The white-throated flycatcher has a disjunct distribution. Subspecies E. a. timidus is found on the Pacific slope of western Mexico from far southeastern Sonora and southwestern Chihuahua south to Morelos. The nominate subspecies is more widespread. It is found on the Caribbean slope from southwestern Tamaulipas south through eastern and southern Mexico and discontinuously south through Belize, Guatemala, El Salvador and Honduras. It possibly winters further south. E. a. australis is found discontinuously from Nicaragua south through Costa Rica into western Panama's Chiriquí Province. There are also scattered records further south in Panama to the Canal Zone.

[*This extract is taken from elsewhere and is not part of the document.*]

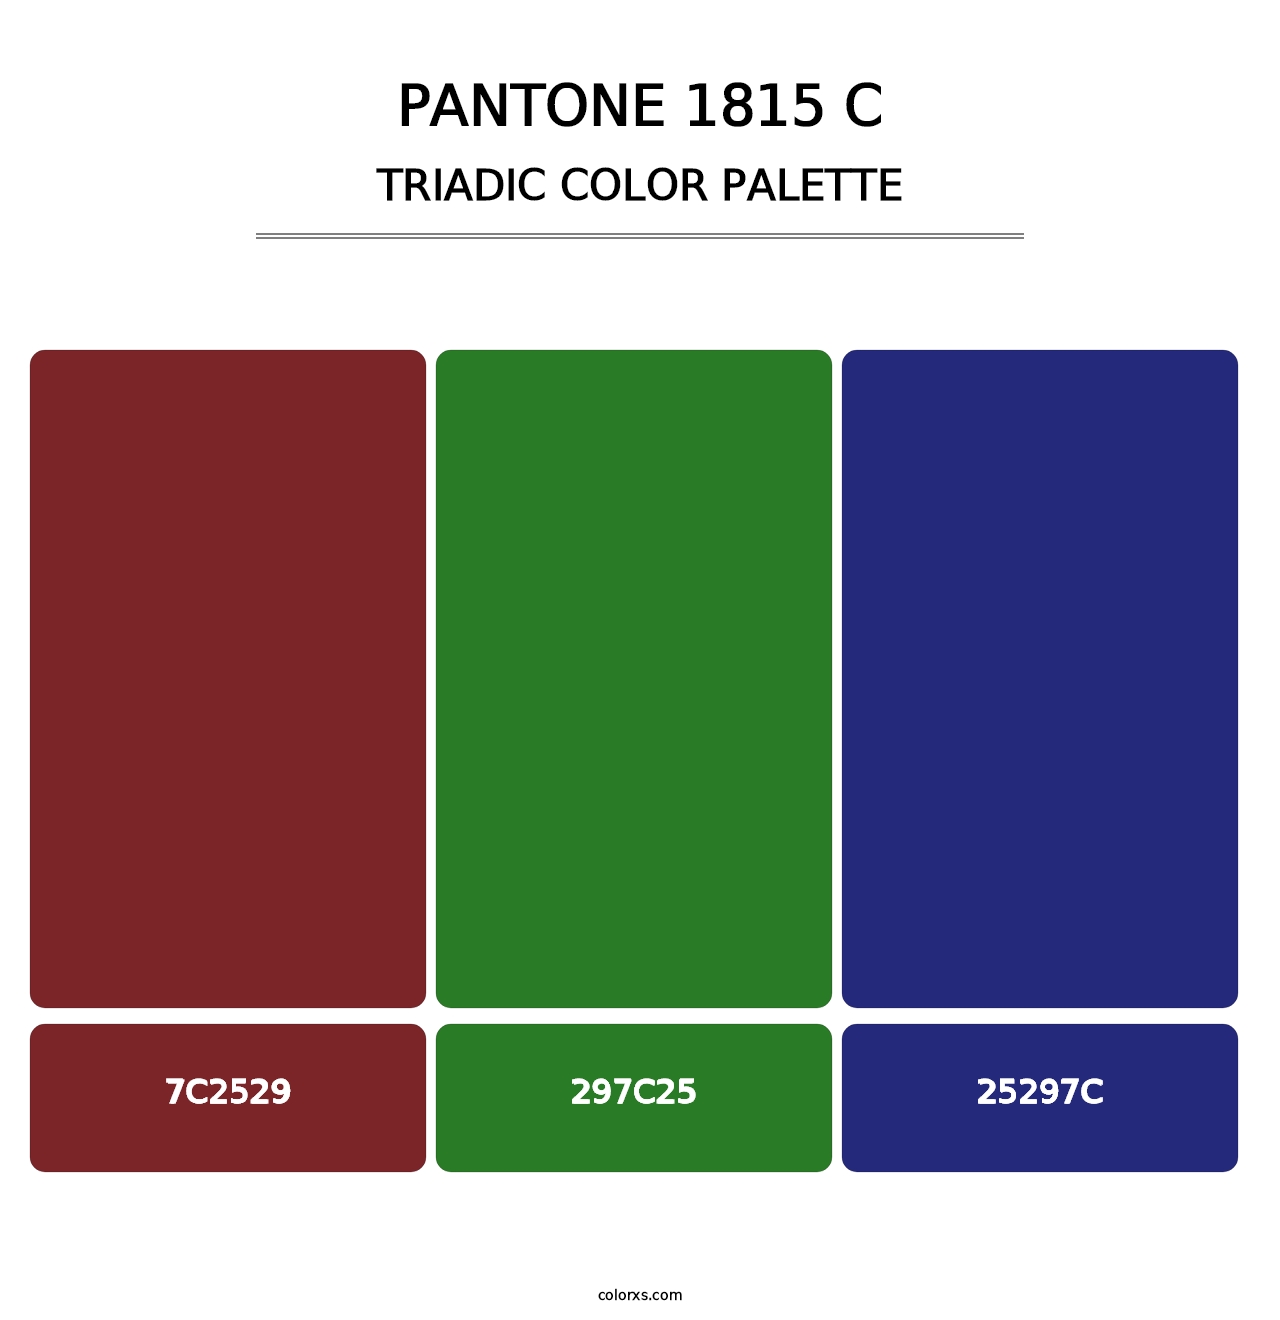 PANTONE 1815 C - Triadic Color Palette

In the breeding season the white-throated flycatcher inhabits open and partially open landscapes in the subtropical and lower temperate zones. It is generally near water, such as in wet meadows with brush or hedgerows and vegetation along streams and irrigation ditches. It also inhabits openings in higher elevation pine-oak forest. In the non-breeding season it moves in part to the tropical zone where it favors freshwater marshes with tall rushes and weeds and scrubby edges. In Mexico it ranges between 1200 and 3000 m of elevation in the breeding season and between sea level and 1200 m in the non-breeding season. In northern Central America it breeds
between 600 and 2500 m and winters almost to sea level. In Nicaragua it occurs between 1000 and 1500 m and in Costa Rica mostly between 500 and 1500 m.

==Behavior==
===Movement===

The white-throated flycatcher is highly migratory in most of its range; most of the movement is elevational. In Mexico it breeds in the Sierra Madre Occidental, the Trans-Mexican Volcanic Belt, the Sierra Madre del Sur, and the Sierra Madre Oriental. It primarily winters in the lowlands on both the Caribbean and Pacific slopes south from about the middle of the country. It breeds patchily in the highlands of Guatemala, Honduras, and El Salvador and winters lower, primarily in northeastern Guatemala, Belize, and central Honduras. The species appears to be a year-round resident in the highlands of Costa Rica though there is some evidence of elevational movement there. There is speculation that lowland records in Costa Rica and Panama are of migrants from further north.

===Feeding===

The white-throated flycatcher feeds mostly on insects and includes a small amount of fruit in its diet. It perches low to the ground in or on the edge of open areas and captures prey in mid-air with sallies from it ("hawking") or by gleaning from vegetation after a short flight. It quivers the wings and tail when it lands back on a perch.

===Breeding===

The white-throated flycatcher's breeding season has not been fully defined but includes April to July or August in Honduras and mostly within that span elsewhere. Its nest is an open cup made from dried grass and seed heads lined with finer material, usually placed fairly low to the ground in a shrub or small tree. One nest contained three eggs that were creamy with burnt umber spots around the larger end. The incubation period and time to fledging are not known. Both parents provision nestlings but other details of parental care are not known.

===Vocalization===

The white-throated flycatcher is quite vocal. Its song in northern Central America is "a slightly 2-part rrrreea'ah!" and its call "a harsh, raspy, somewhat nasal rreeaah! or eaaahh!." Both vocalizations are similar elsewhere it the species' range.

==Status==

The IUCN has assessed the white-throated flycatcher as being of Least Concern. It has a very large range; its estimated population of at least 50,000 mature individuals is believed to be decreasing. No immediate threats have been identified. It is considered "uncommon to fairly common, but local" in Mexico and rare in Panama. It is "uncommon and local" in northern Central America. In Costa Rica it is "fairly common around the western and southern base of Irazú Volcano". It is uncommon along the country's cordilleras and very rare in the intermontane valleys in the south. "Human activity has little short-term direct effect on this species, other than the local effects of habitat destruction."